Ketiga, cerdas intelektual (olah piker). Beraktualisasi diri melalui olah piker untuk memperoleh
kompetensi dan kemandirian dalam ilmu pengetahuan dan teknologi. Aktualisasi
insane intelektual yang kritis, kreatif dan imajinatif.
Keempat, kompetitif berkepribadian unggul dan gandrung akan
keunggulan dan bersemangat juang tinggi, mandiri, pantang menyerah, pembangunan
dan pembinaan jejaring,bersahabat dengan perubahan, produktif, sadar mutu,
berorientasi global, pembelajaran spanjang hayat.[4]

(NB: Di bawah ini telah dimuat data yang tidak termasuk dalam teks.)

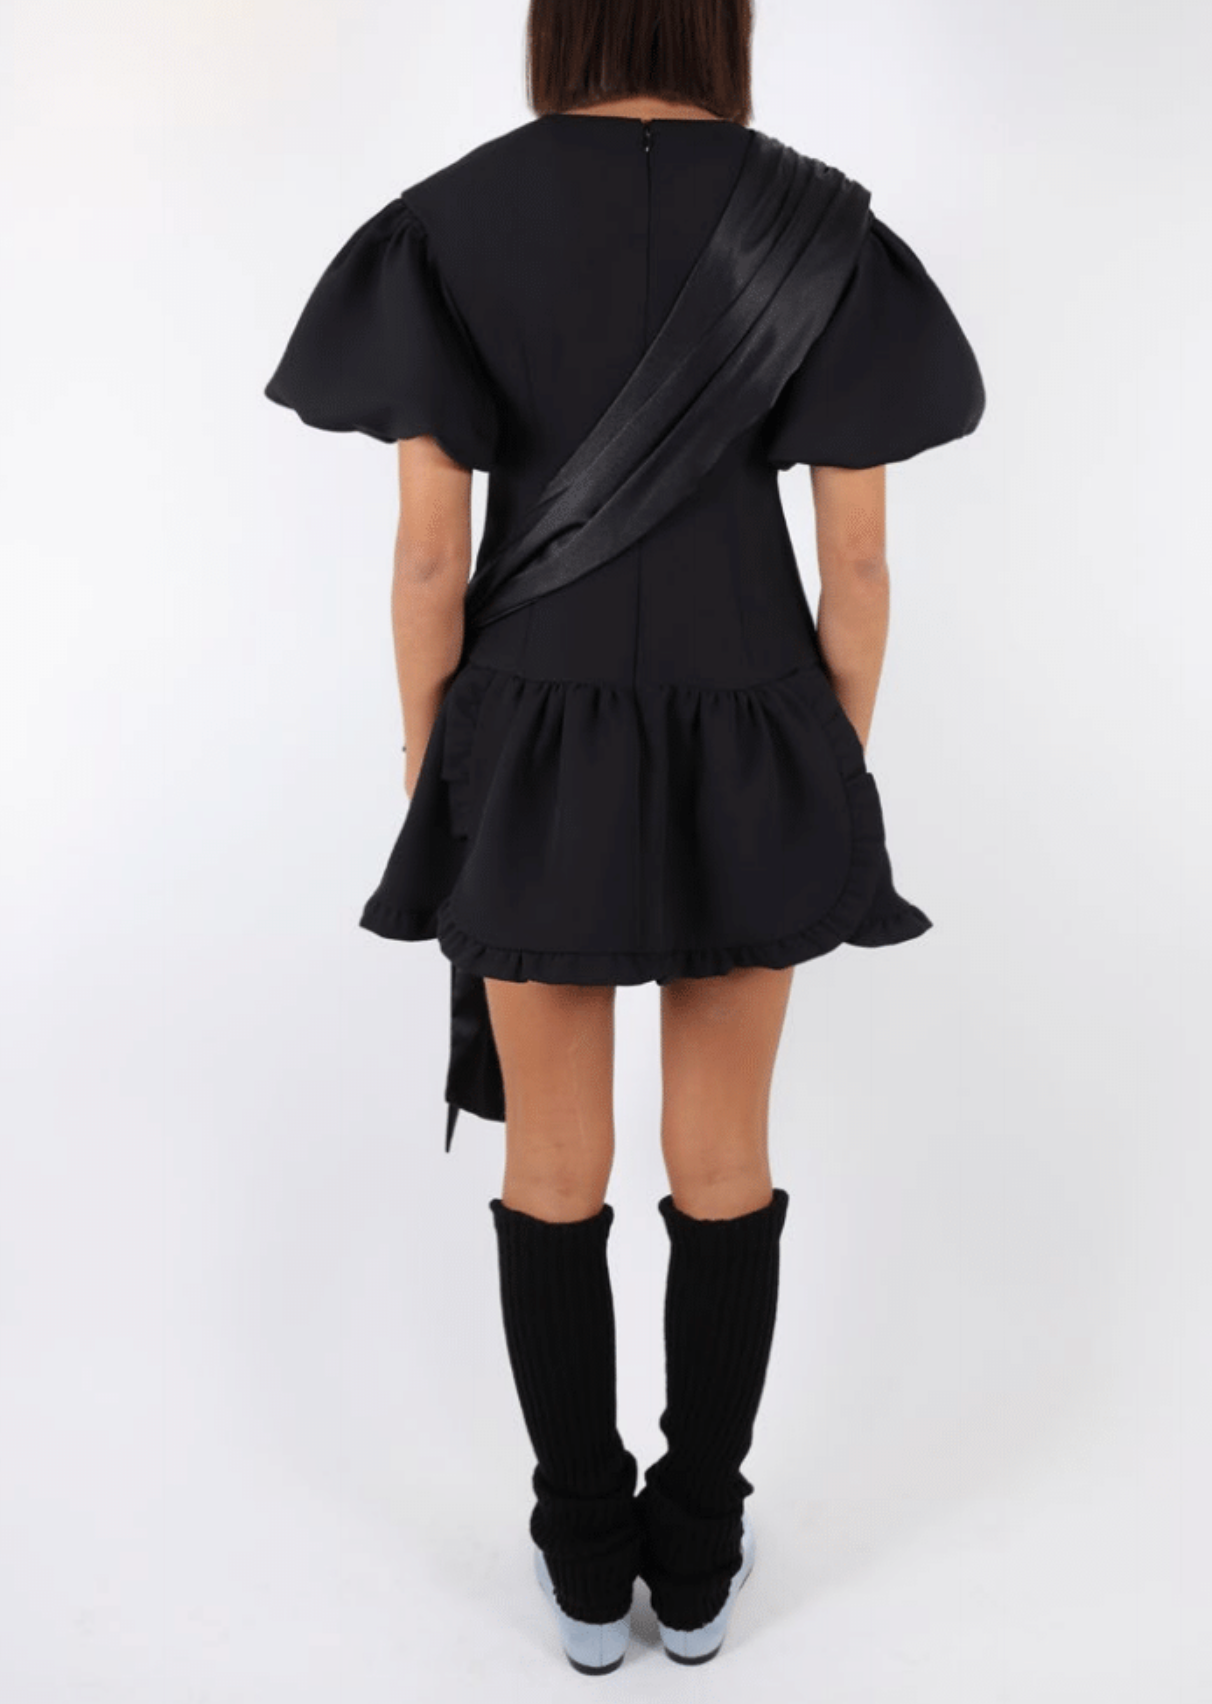 Filenes Dress in Black by Sandy Liang http://www.shoprecital.com
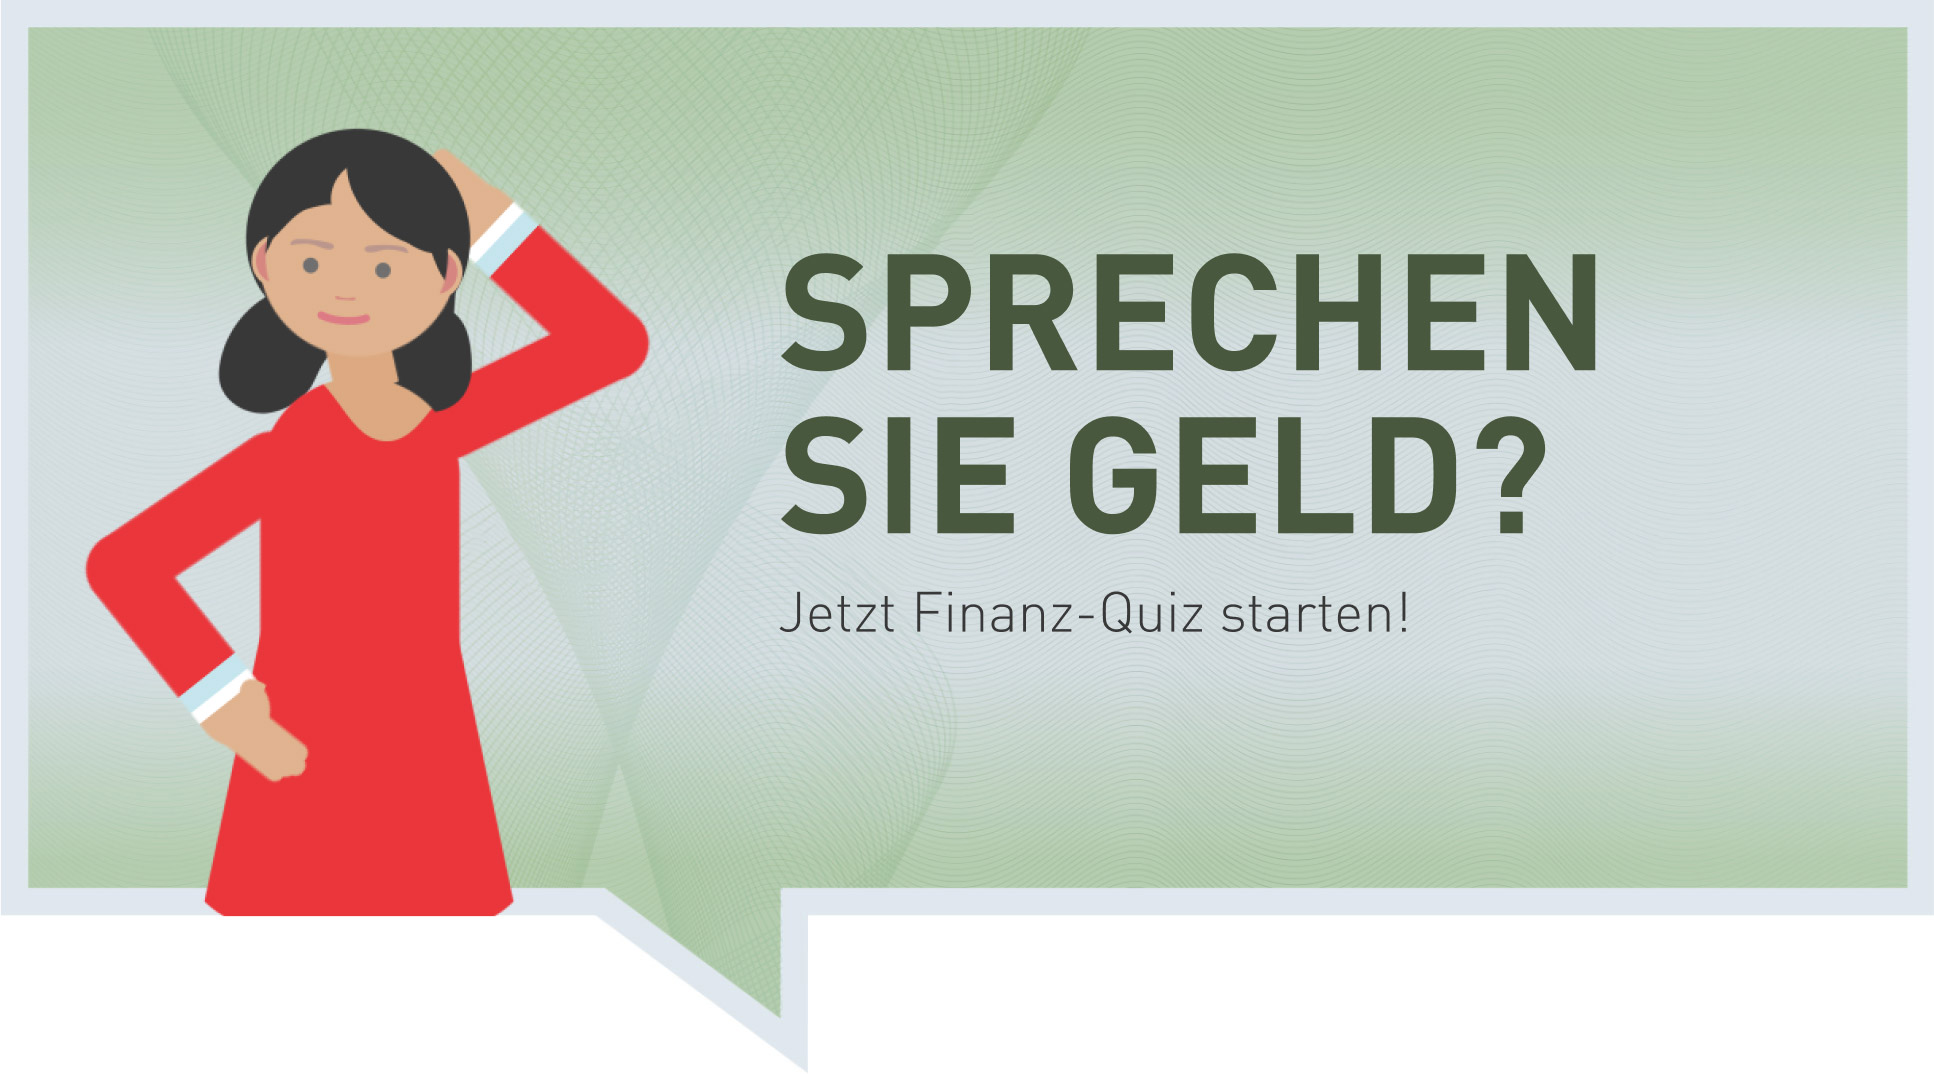 Sprechen Sie Geld? Jetzt Finanz-Quiz starten!

Adapun secara umum, pendidikan agama Islam bertujuan untuk “Meningkatkan keimanan, pemahaman,
penghayatan, dan pengamalan peseerta didik tentang agama Islam sehingga menjadi
manusia muslim yang beriman dan bertakwa kepada Allah swt serta berakhlak mulia
dalam kehidupan pribadi, bermasyarakat, berbangsa dan bernegara.[5]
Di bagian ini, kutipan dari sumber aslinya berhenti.